Vamos a outro exemplo de uso da norma culta dele / de ele:

1) Dele quando corresponde a um pronome possessivo.

Exemplo:
A paciência dele acabou, e ele saiu da sala.

2) Dele quando corresponde à combinação da preposição de com o pronome pessoal


oblíquo tônico ele, na função de objeto indireto.

Exemplo:
Ana gosta muito dele, e ele saiu da sala.
3) De ele como preposição de mais o pronome pessoal ele. Essa combinação só
pode ser usada quando ele for sujeito de uma oração reduzida de infinitivo.

Exemplos:
Conversamos sobre isso de ele sair. (= de que ele saísse)
Apesar de ele ter comprado o carro, foi de táxi à festa.

O segredo é o verbo no infinitivo. Só podemos usar de ele quando houver esse


verbo.

Exemplo:
Fizemos a surpresa antes de ele chegar ao curso.

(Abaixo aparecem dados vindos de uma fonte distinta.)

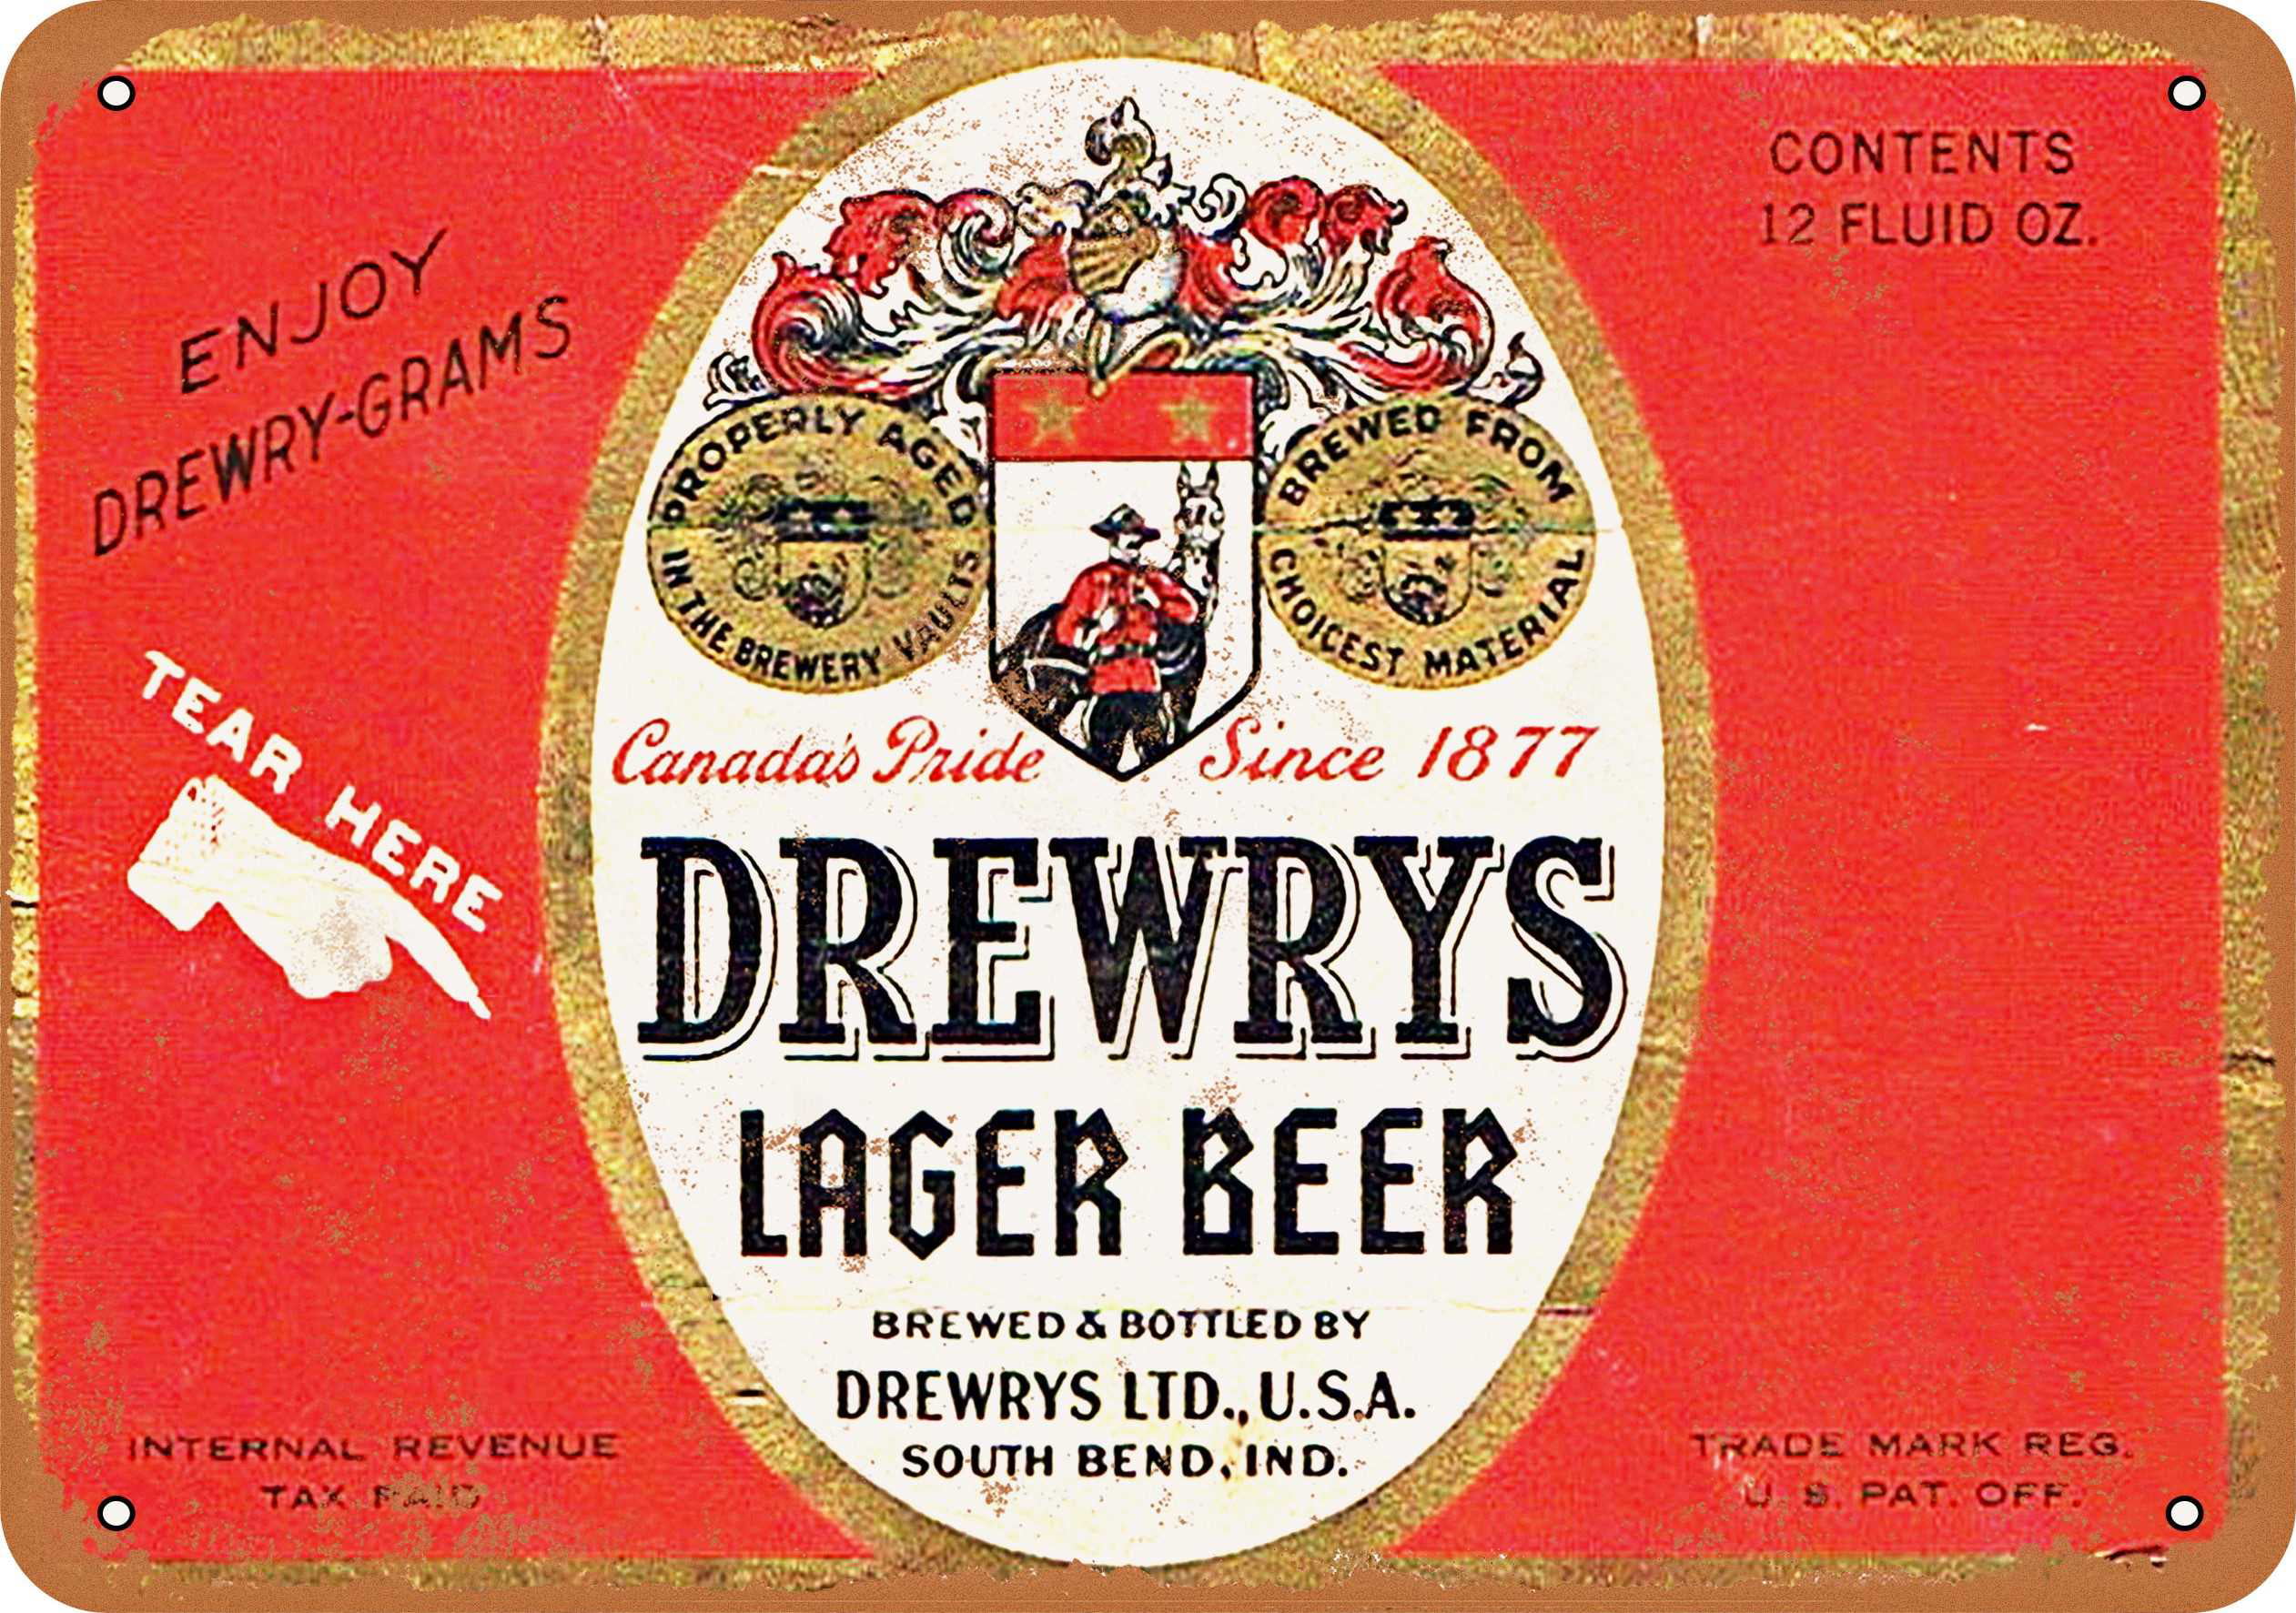 OLD TOWN LAGER BEER LABEL 9" x 12" METAL SIGN

Veja ainda outra ocorrência na língua coloquial distinta do que estabelece a


gramática normativa:

Para mim ou para eu?

1) Eu é um pronome pessoal do caso reto e exerce a função de sujeito;

2) Mim é um pronome pessoal oblíquo tônico, nunca exerce a função de sujeito e,


obrigatoriamente, deve ser usado com preposição: “a mim”, “de mim”, “entre mim”,
“para mim”, “por mim” etc.

Exemplos:
Ana trouxe o livro para eu ler. (= sujeito)
Ana trouxe o livro para mim. (= não é sujeito)

No primeiro caso, há duas orações:

1) Ana trouxe o livro: oração principal


2) para eu ler: oração reduzida de infinitivo (= para que eu lesse)

Nesse caso, devemos usar o pronome pessoal do caso reto (EU), porque ele exerce
a função de sujeito do verbo infinitivo (LER).

Em síntese, a diferença entre para mim e para eu está na presença ou não de um


verbo (sempre no infinitivo) após o pronome. Portanto, sempre que houver um
verbo no infinitivo, devemos usar os pronomes pessoais retos. Isso ocorrerá com
qualquer preposição.
Exemplos:
Minha irmã saiu da festa antes de mim.
Ela voltou para o escritório antes de eu chegar.
Nossos professores fizeram isso por mim.
Mariana fez isso por eu estar cansada.

Observe, no entanto, a mudança no significado trazida pelo uso da vírgula:


Para eu sair de casa, foi preciso organizar minhas finanças.
Para mim, vender meu primeiro imóvel foi uma grande conquista.

Na primeira frase, o pronome pessoal reto (eu) é o sujeito do infinitivo (sair). Já na


segunda frase, a vírgula indica que para mim está deslocado. Nesse caso,
devemos usar o pronome oblíquo (mim), pois ele não é o sujeito do verbo vender.